Nearly 2,000 pilgrims from Kurdistan Region attending 2022 Hajj

Hajj will begin on July 7 and continue for six days. The Saudi Hajj and Umrah Ministry pointed out that 85 percent of pilgrims attending this year’s Hajj will be foreigners. 
Muslim pilgrims are walking around the Kaaba in Saudi Arabia's Grand Mosque of Mecca, July 31, 2020. (Photo: AP)
Muslim pilgrims are walking around the Kaaba in Saudi Arabia's Grand Mosque of Mecca, July 31, 2020. (Photo: AP)

ERBIL (Kurdistan 24) – Approximately 2,000 pilgrims from the Kurdistan Region are set to perform Hajj this year after authorities in Saudi Arabia allowed foreigners to attend the ritual again, the Kurdistan Regional Government (KRG) announced. 

Saudi Arabia’s Hajj and Umrah Ministry will allow up to one million foreign pilgrims to visit the kingdom this year. For two years, pilgrims weren’t allowed visit due to COVID-19 restrictions. 

More than 15,000 Iraqi pilgrims can visit Saudi Arabia for Hajj this year, the head of the Kurdistan Region’s Hajj and Umrah Directorate, Sheikh Niyaz Raghib Naqshabandi, told the KRG Media and Information Department. 

The Kurdistan Region’s quota for Hajj attendance is nearly 2,000 pilgrims in 2022, he added. 
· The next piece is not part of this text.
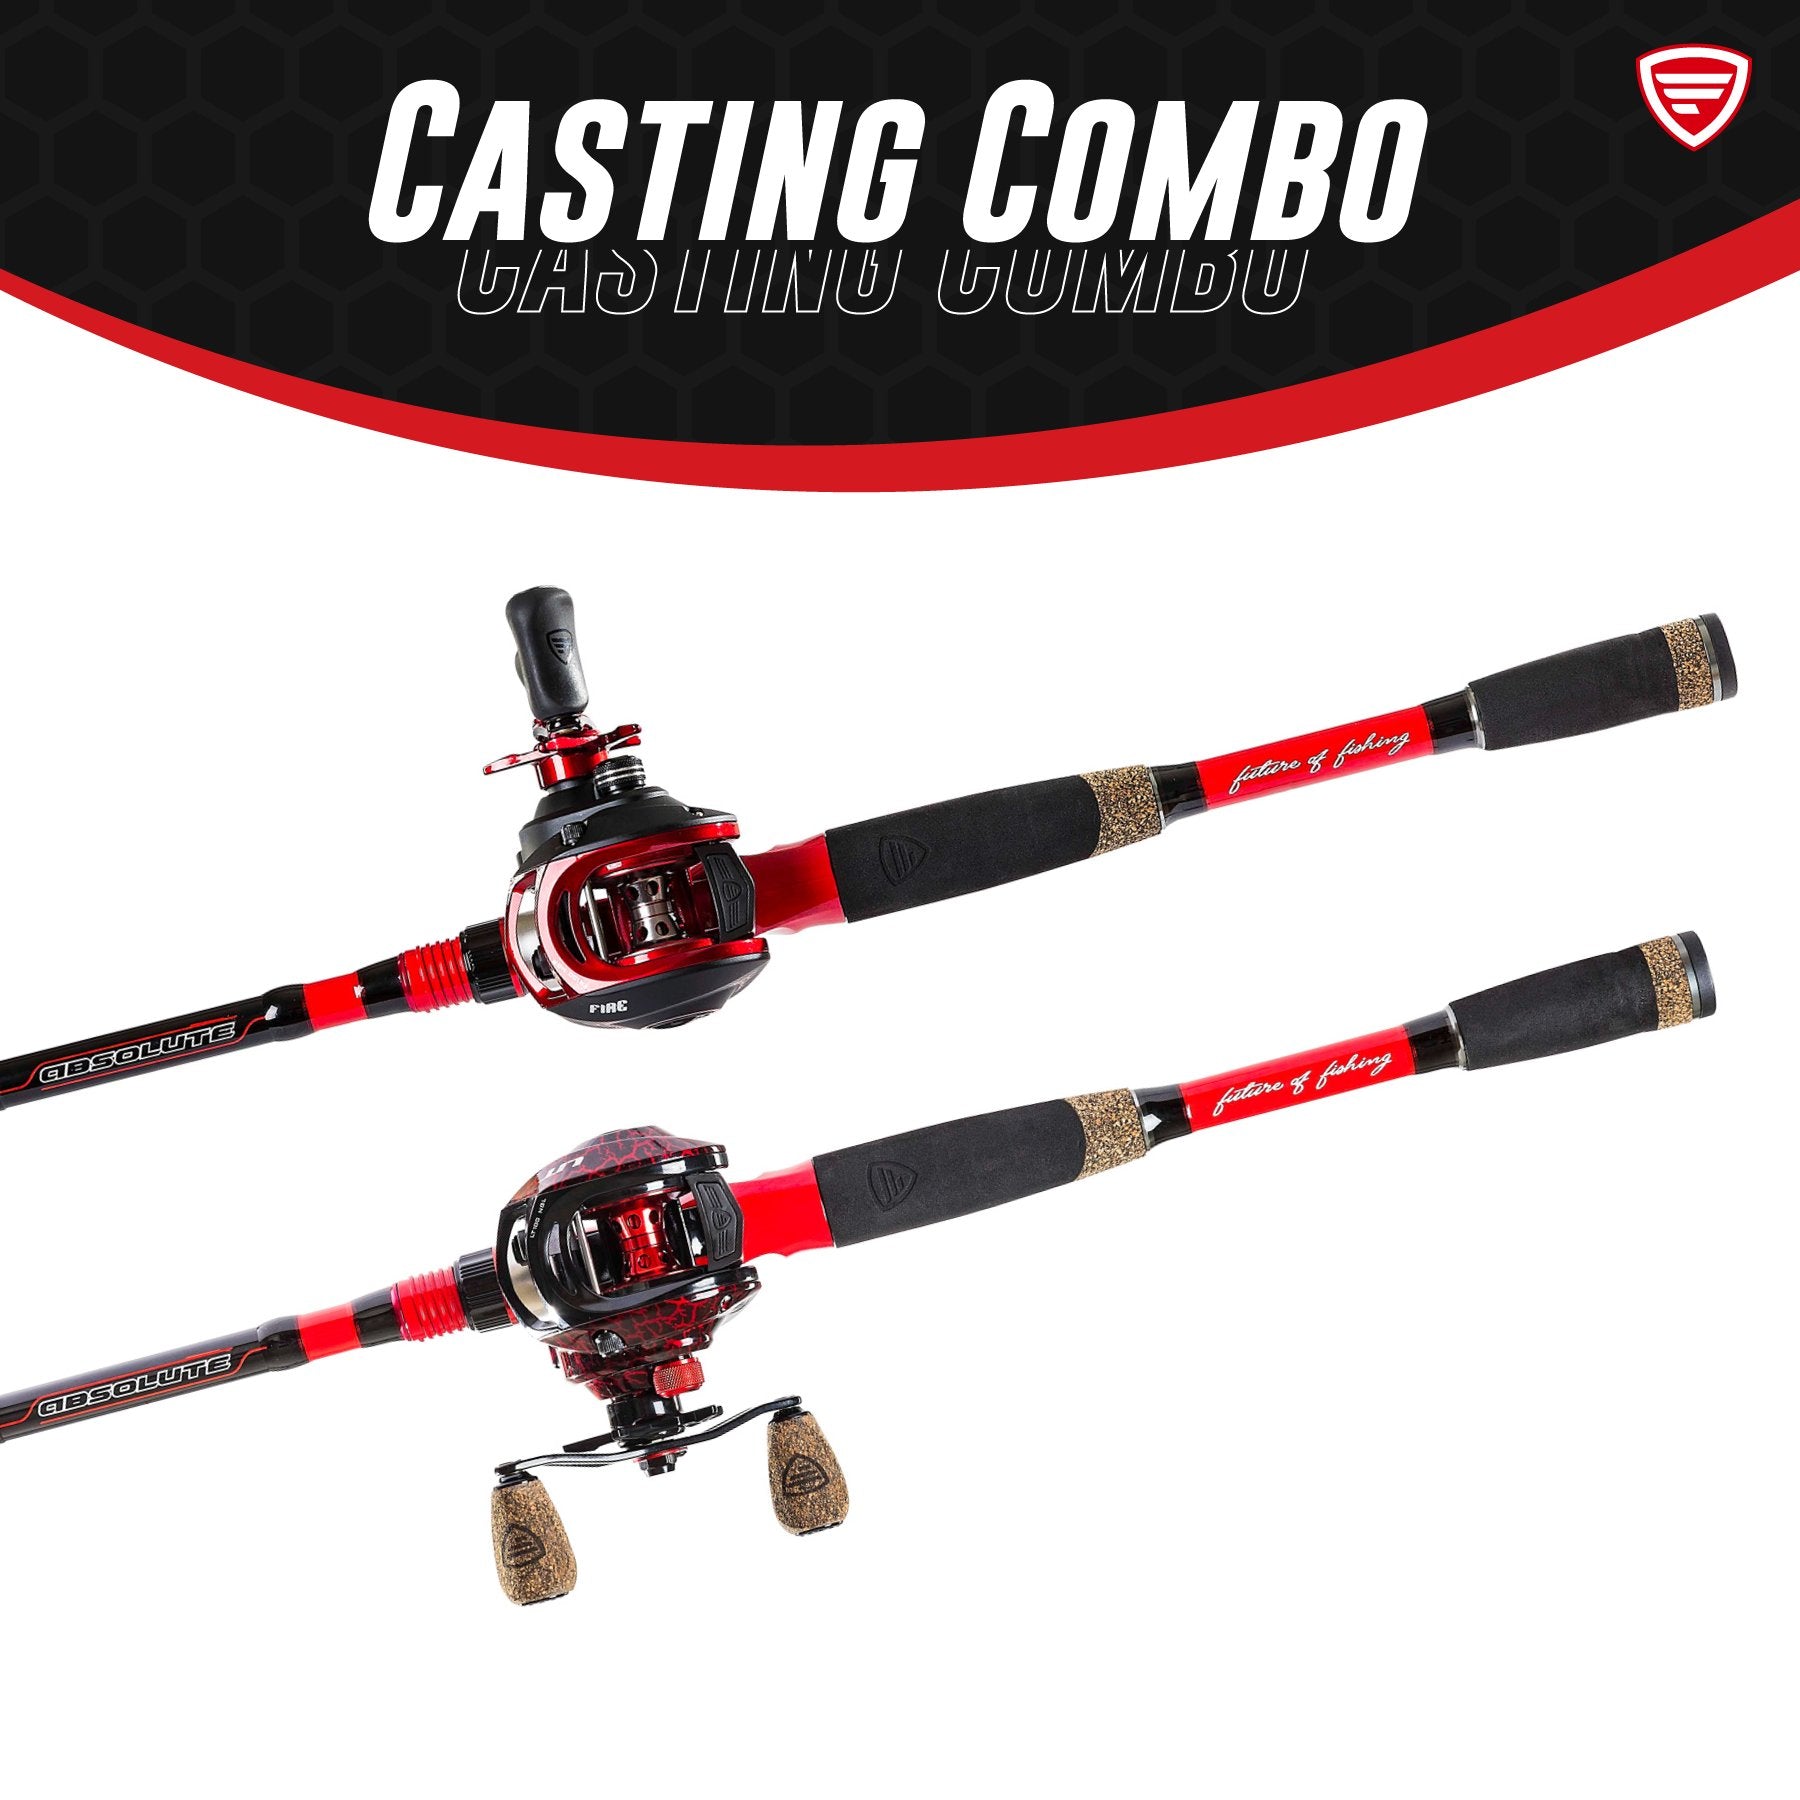 Casting Combo – Favorite Fishing

Hajj will begin on July 7 and continue for six days. The Saudi Hajj and Umrah Ministry pointed out that 85 percent of pilgrims attending this year’s Hajj will be foreigners. 

Foreign pilgrims must present a negative PCR test for coronavirus taken no more than 72 hours before their arrival in the kingdom. 
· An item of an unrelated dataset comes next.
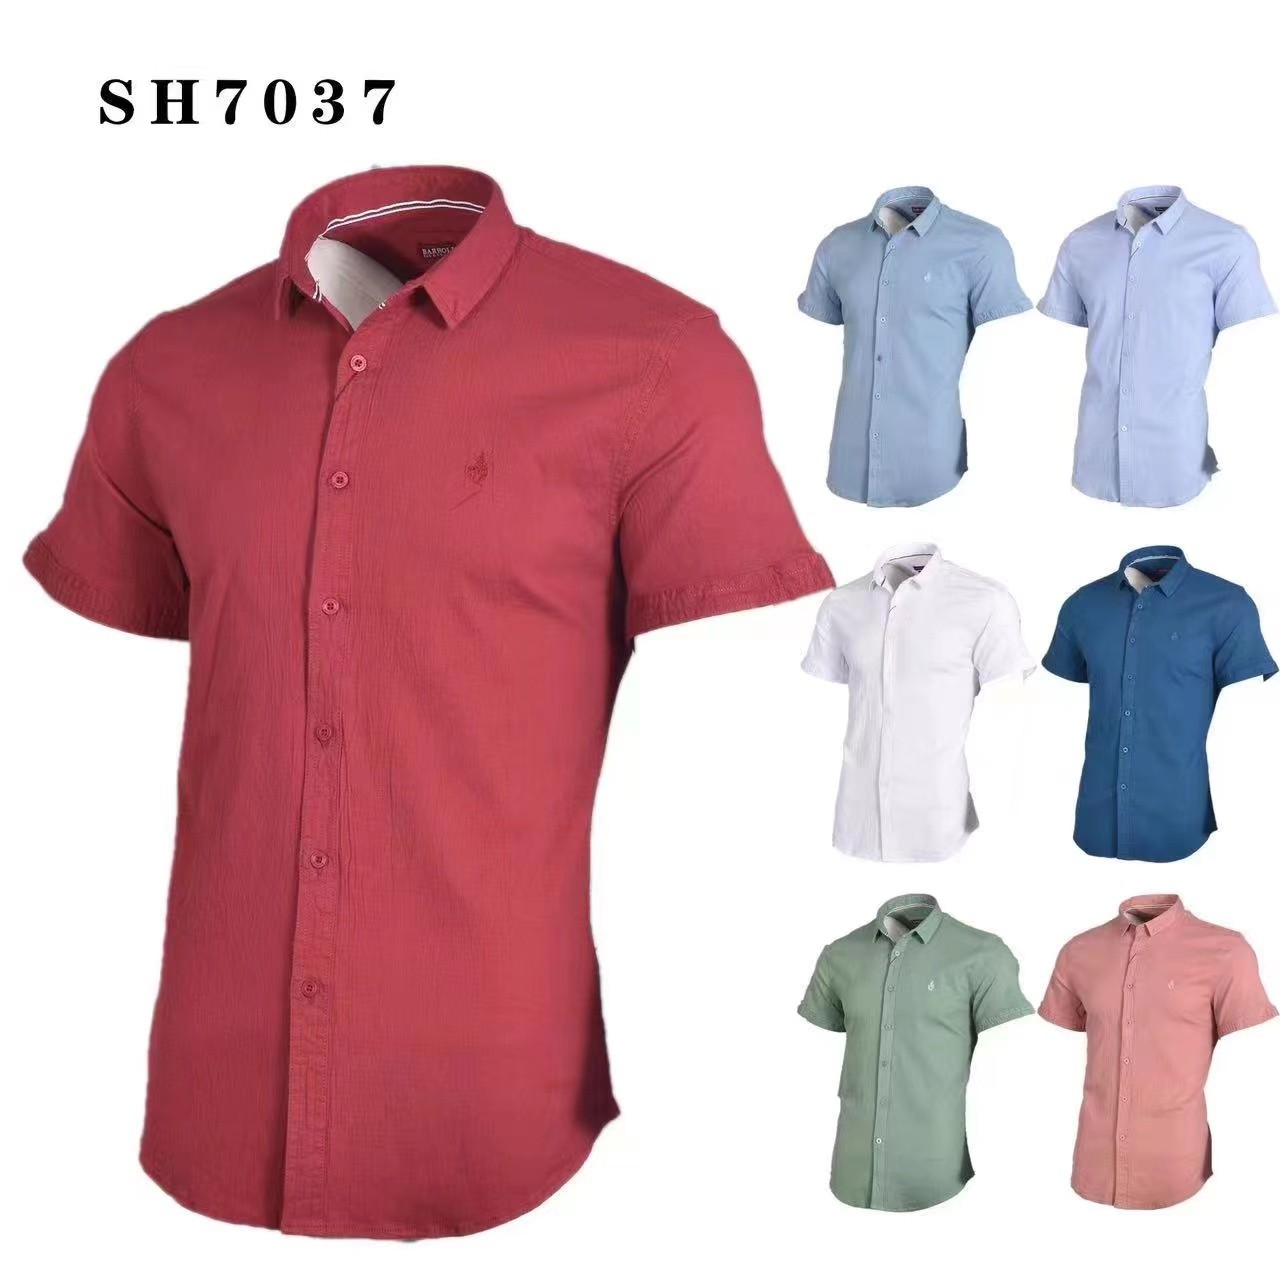 Men's Short Sleeve Plain Shirt

A mere 1,000 local pilgrims attended the Hajj in 2020 following the onset of the pandemic and the strict precautionary measures imposed worldwide. In 2021, that number increased to 60,000. 

Before the pandemic, the oil-rich kingdom received two million pilgrims each year. Those pilgrims generated an average of $12 billion for the country.